= Task item =
Leave out the pictures and repeat exactly the lines from the one containing "Photo via Belle" through the final line of the listing below.

= Data for processing =
▼▼▼

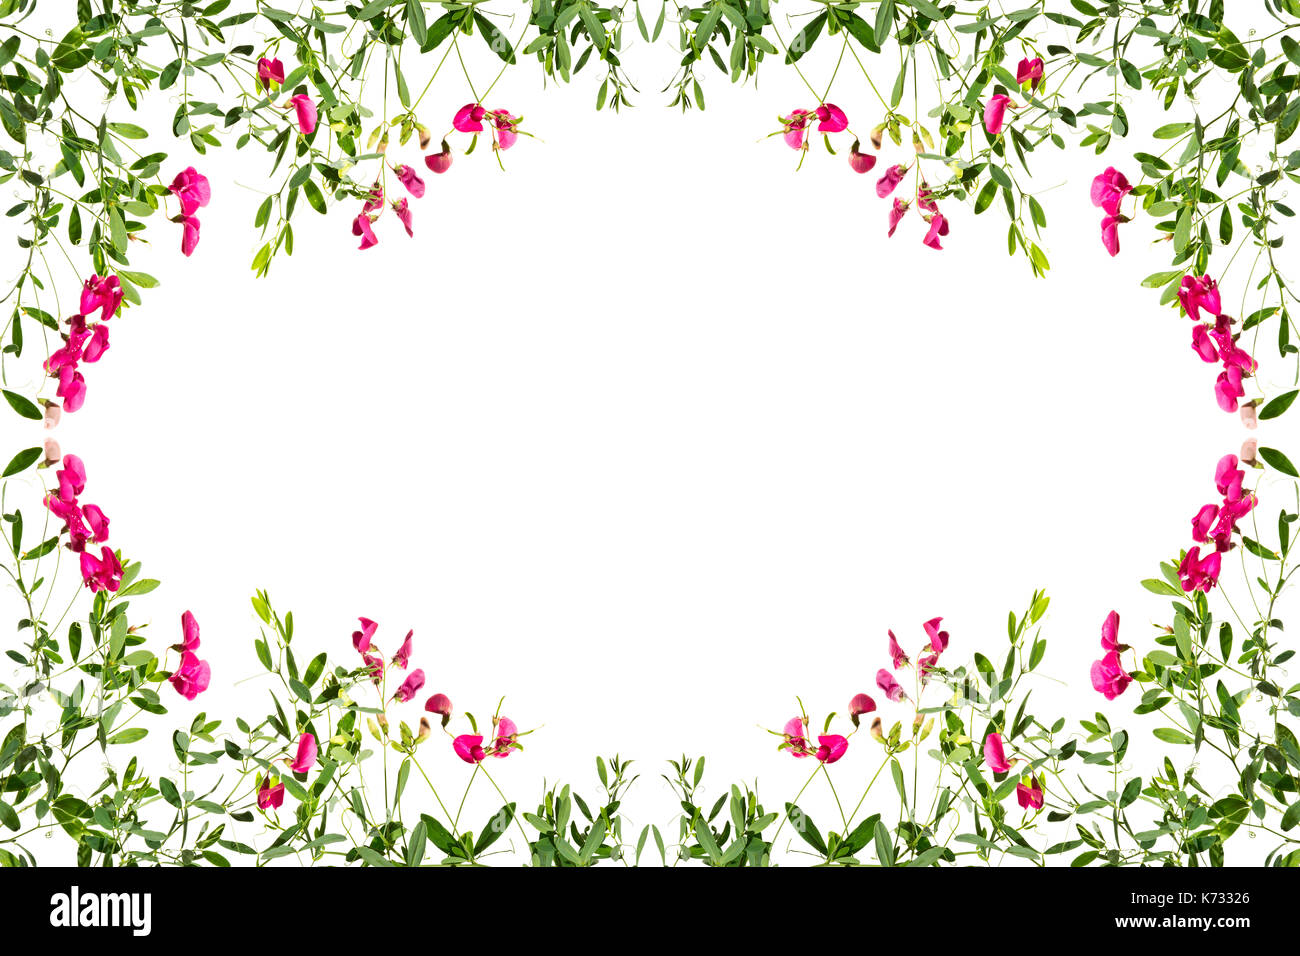 Frame with flowering pink pea shoots on a white background. Stock Photo
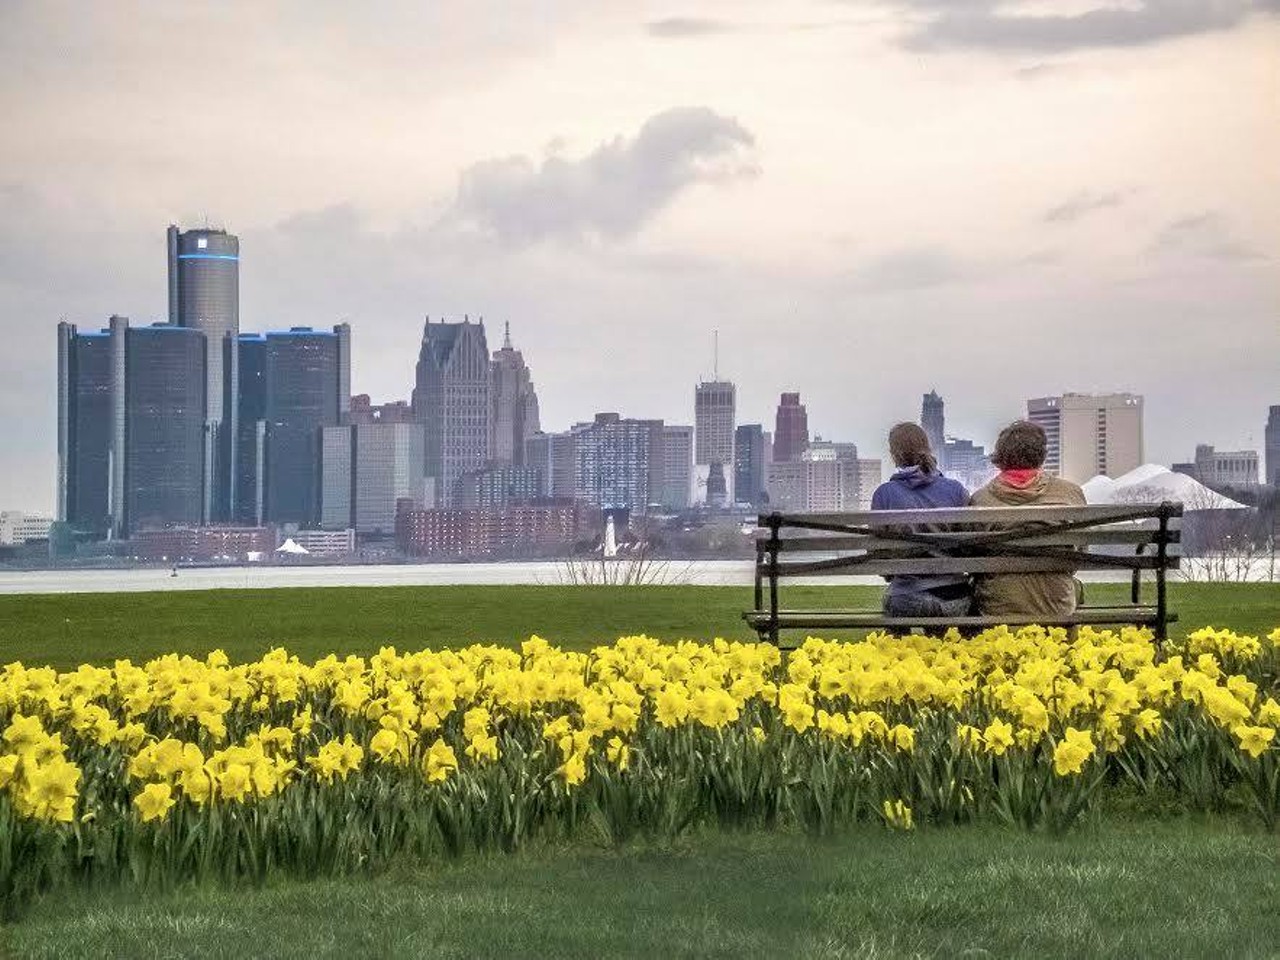 Belle Isle is another essential destination for a floral spectacle. And that view of the city is beyond compare.
Photo via Belle Isle Conservancy Facebook page
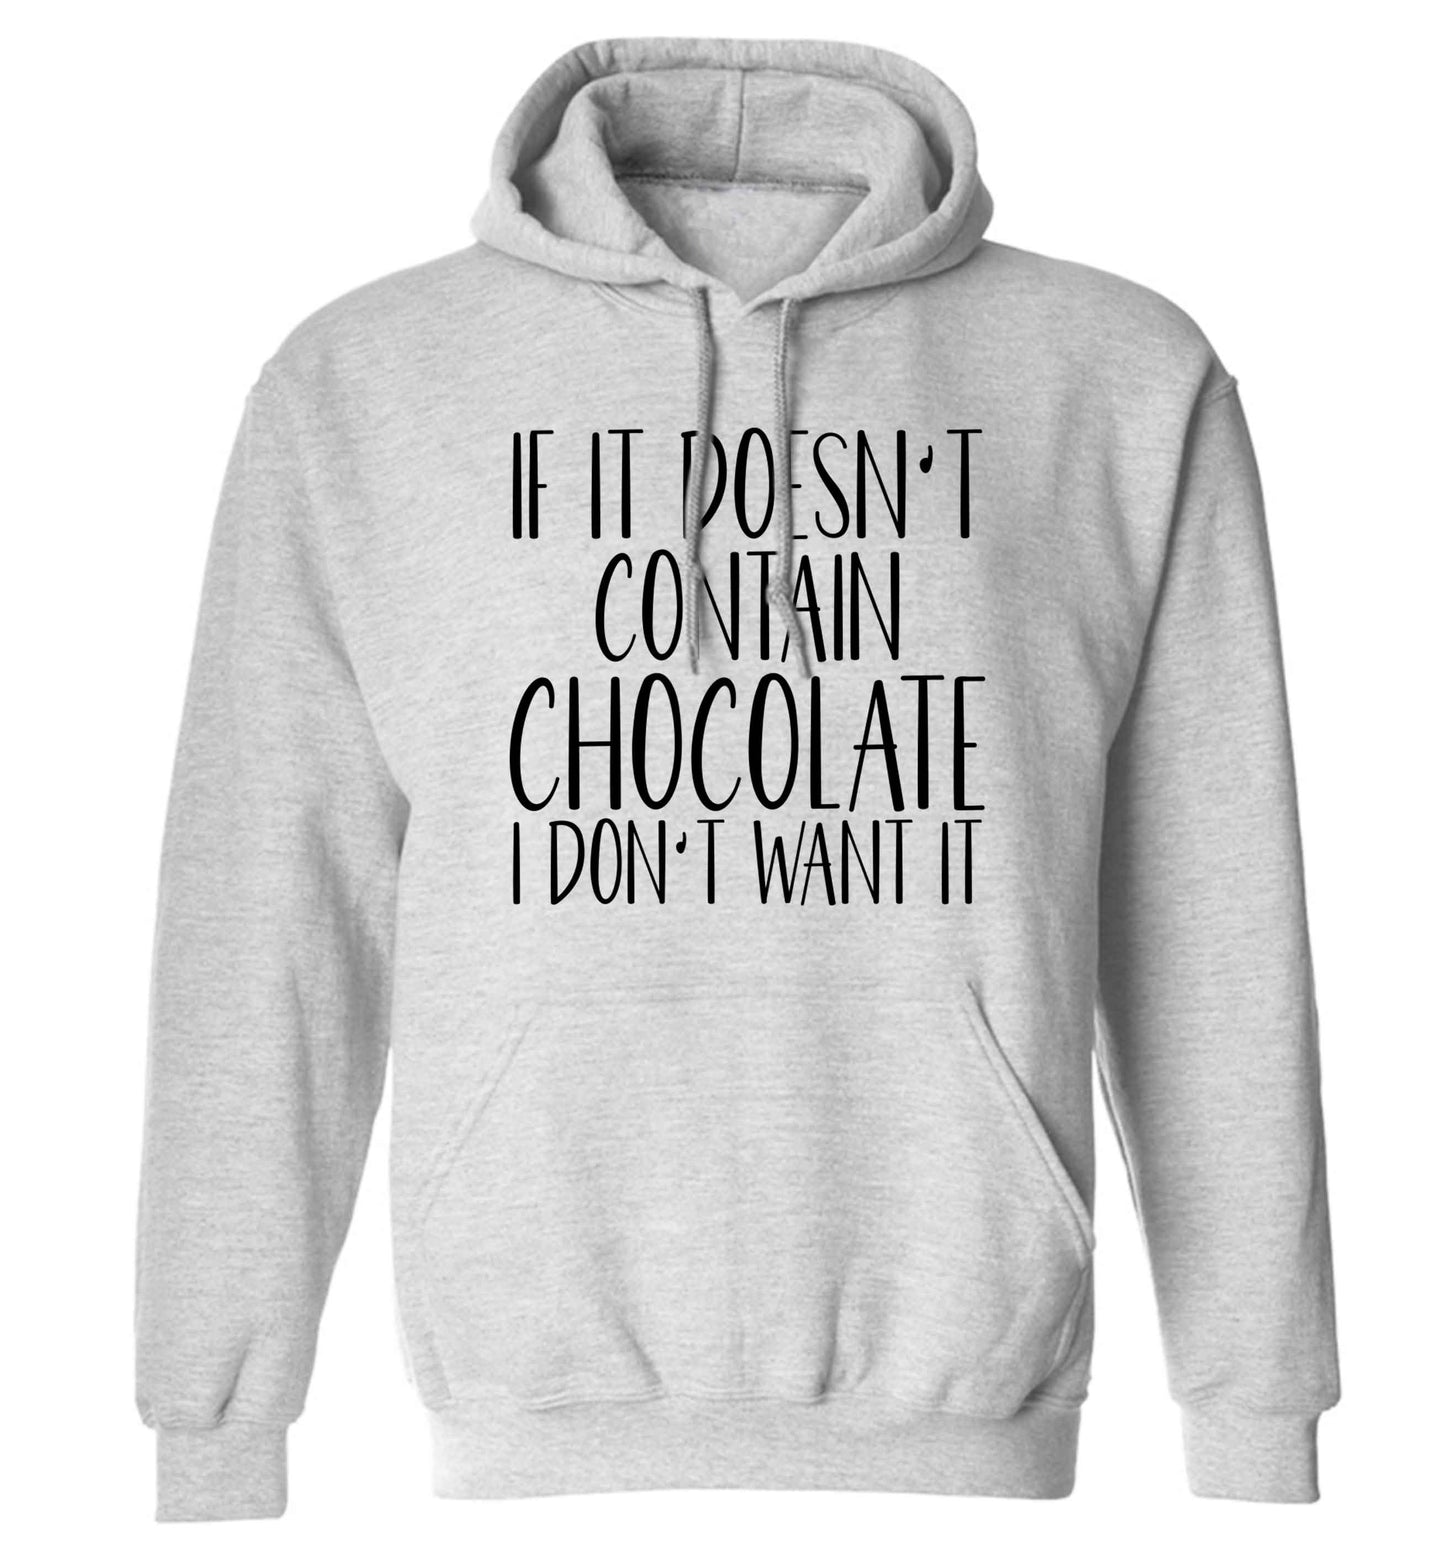 If it doesn't contain chocolate I don't want it adults unisex grey hoodie 2XL
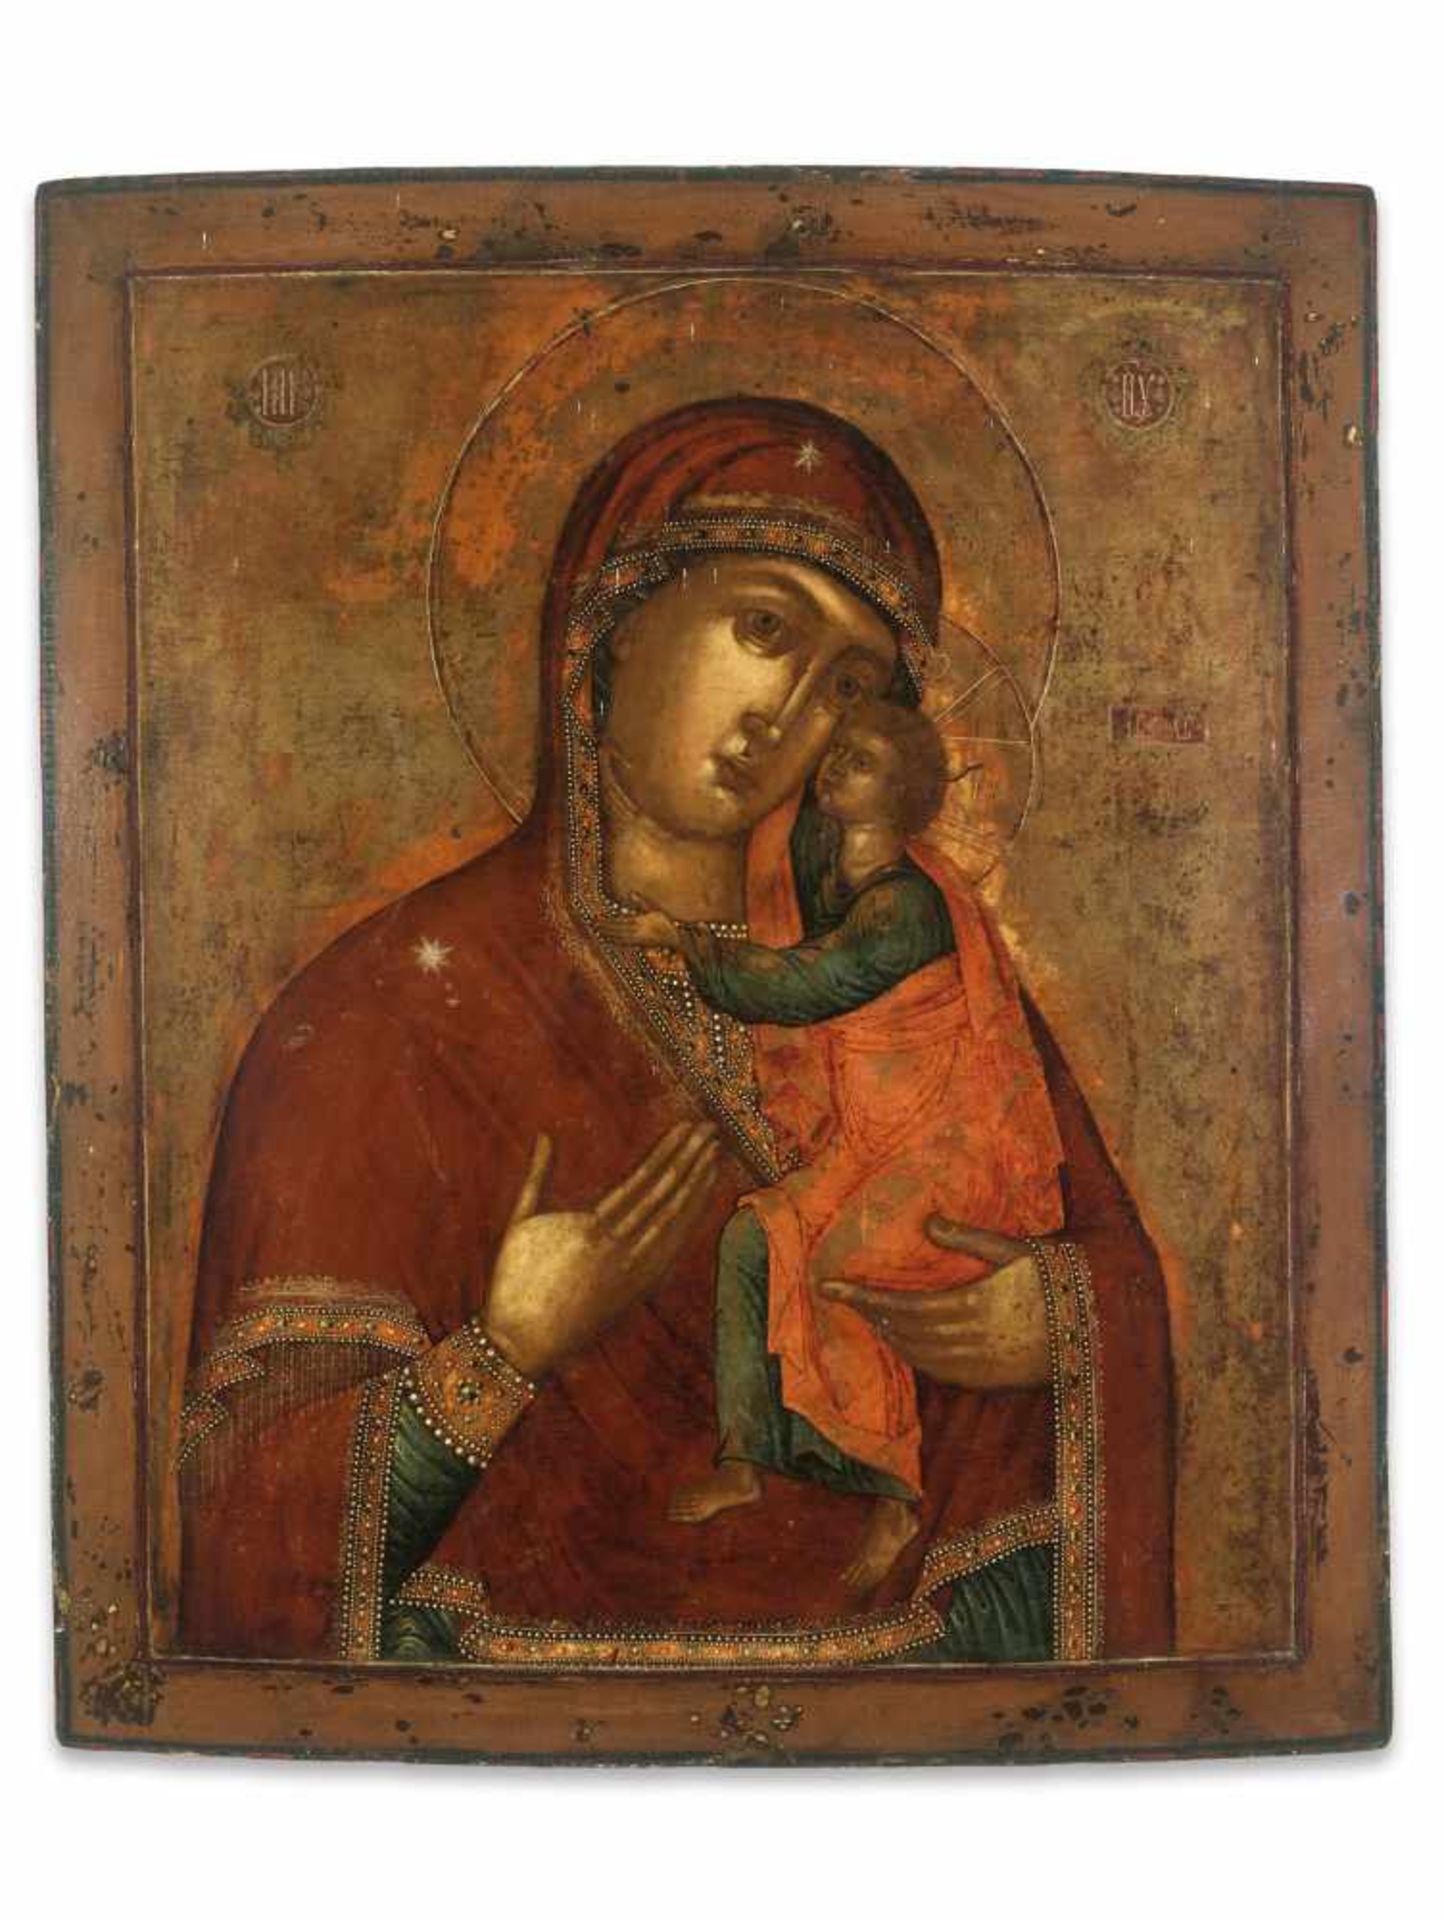 LARGE RUSSIAN ‘ELEUSA’ ICON, VIRGIN OF TENDERNESS, 19th CENTURYWood, polychrome egg

▲▲▲

= Output of the task =
Photo via Belle Isle Conservancy Facebook page
 If it doesn't contain chocolate I don't want it adults unisex grey hoodie 2XL
 LARGE RUSSIAN ‘ELEUSA’ ICON, VIRGIN OF TENDERNESS, 19th CENTURYWood, polychrome egg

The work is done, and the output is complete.